Question: What’s the name of the school at Dalhousie that trains lawyers? You may be surprised to learn, as I was, that it’s no longer Dalhousie Law School. Following a $20-million gift from Ontario businessman Seymour Schulich, it officially became The Schulich School of Law on October 15. Haligonian Warren Reed runs the numbers:
In 2004-5, the total Dal budget seems to have been around $200 million—all but $13 million coming from government grants and tuition payments. One could doubtless find more recent data on the Internet. Schulich’s gift, if added to the endowment and invested conservatively, will add about $1 million annually to the revenue stream. Half a percent.
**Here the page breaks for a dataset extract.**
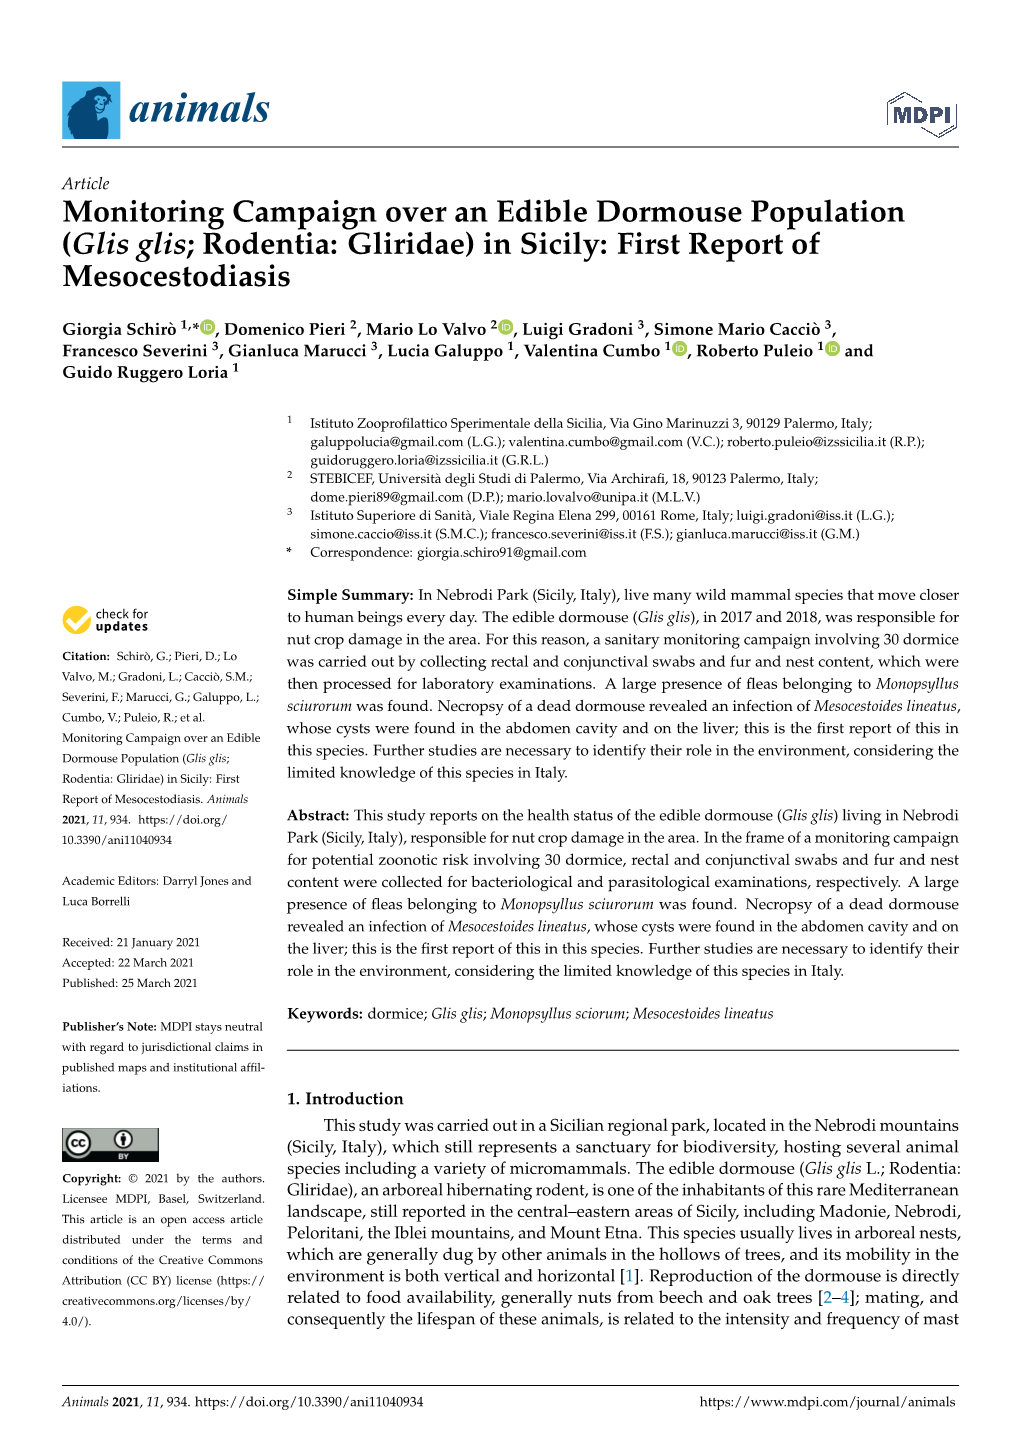 Monitoring Campaign Over an Edible Dormouse Population (Glis Glis; Rodentia: Gliridae) in Sicily: First Report of Mesocestodiasis

As in all these kinds of transactions at public institutions, the contribution of taxpayers is forgotten, their investment sold at far below par. Nova Scotians have hundreds of millions invested in Dalhousie and in the principle of publicly funded education. Along comes Schulich, whose entire success is due to faithful observance of “buy low, sell high,” and the guardians of the public trust hand over our best asset. Schulich knows a good deal.
In another long tradition, taxpayers will continue to foot most of the bill. I paid for that law school and I wanted it to belong to future Nova Scotians.
[Update] Contrarian reader Colin May’s taxes also paid for the law school:
Not to mention “Medjuck Architecture School” on Spring Garden Road. I don’t know when the sign went up, but I find it amusing. When did Ralph Medjuck ever build an architecturally notable project?
I propose we commence new labeling with, “Your taxes paid for this university,” or, ‘This hospital unit built with taxes paid by members of the plumbers and carpenters union.” We could even extend it to the private sector with a sign on all the machinery in a Michelin plant: “This equipment funded by increasing the Nova Scotia public debt by $200,000,000.” I think every bus should be painted on the front, “Your taxes paid for this bus—take a ride.”